» **THE PROBLEM**
The listing below must be repeated word for word, without its pictures.

» **DATASET CONTENT**
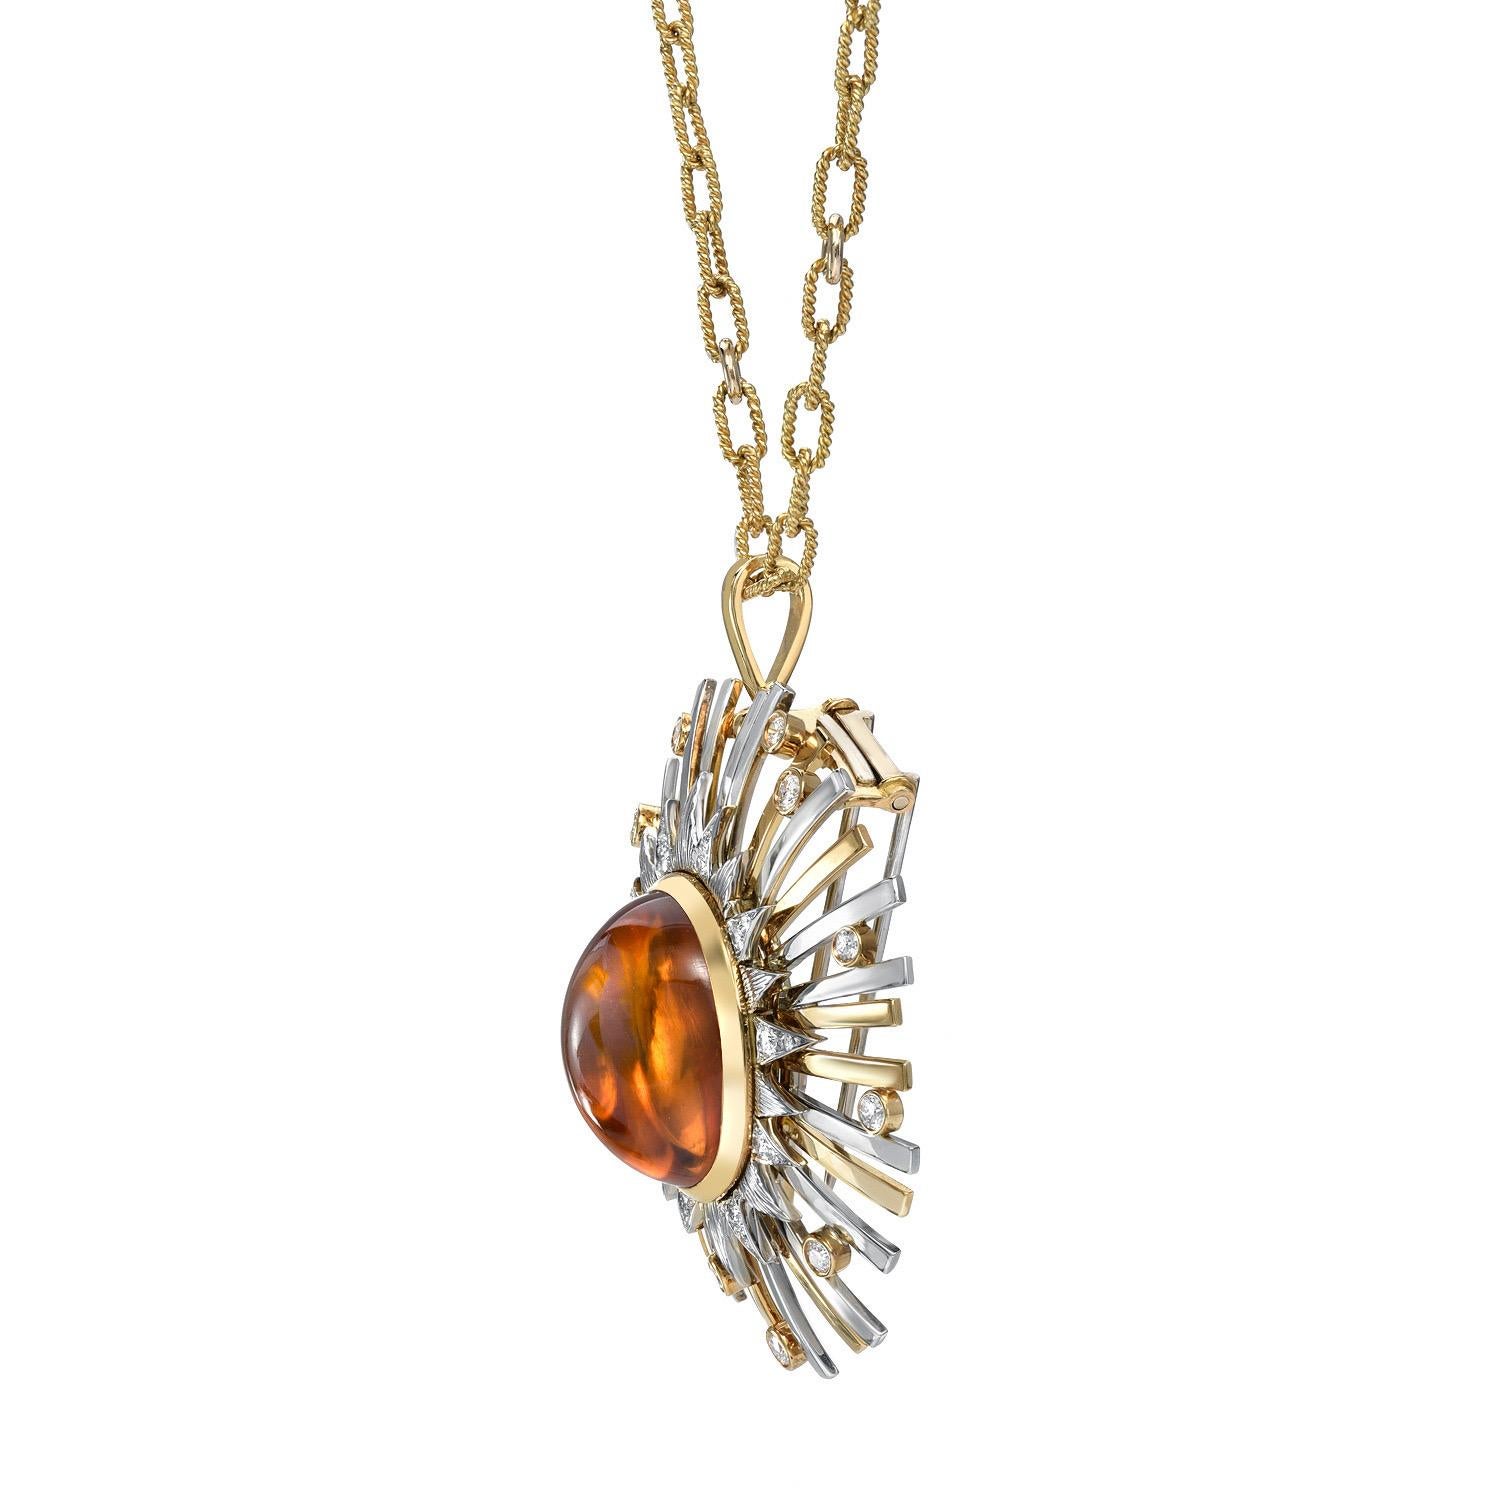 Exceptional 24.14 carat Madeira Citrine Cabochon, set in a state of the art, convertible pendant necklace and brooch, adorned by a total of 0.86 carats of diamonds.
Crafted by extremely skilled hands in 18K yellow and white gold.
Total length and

» **SOLUTION BELOW**
 Exceptional 24.14 carat Madeira Citrine Cabochon, set in a state of the art, convertible pendant necklace and brooch, adorned by a total of 0.86 carats of diamonds.
Crafted by extremely skilled hands in 18K yellow and white gold.
Total length and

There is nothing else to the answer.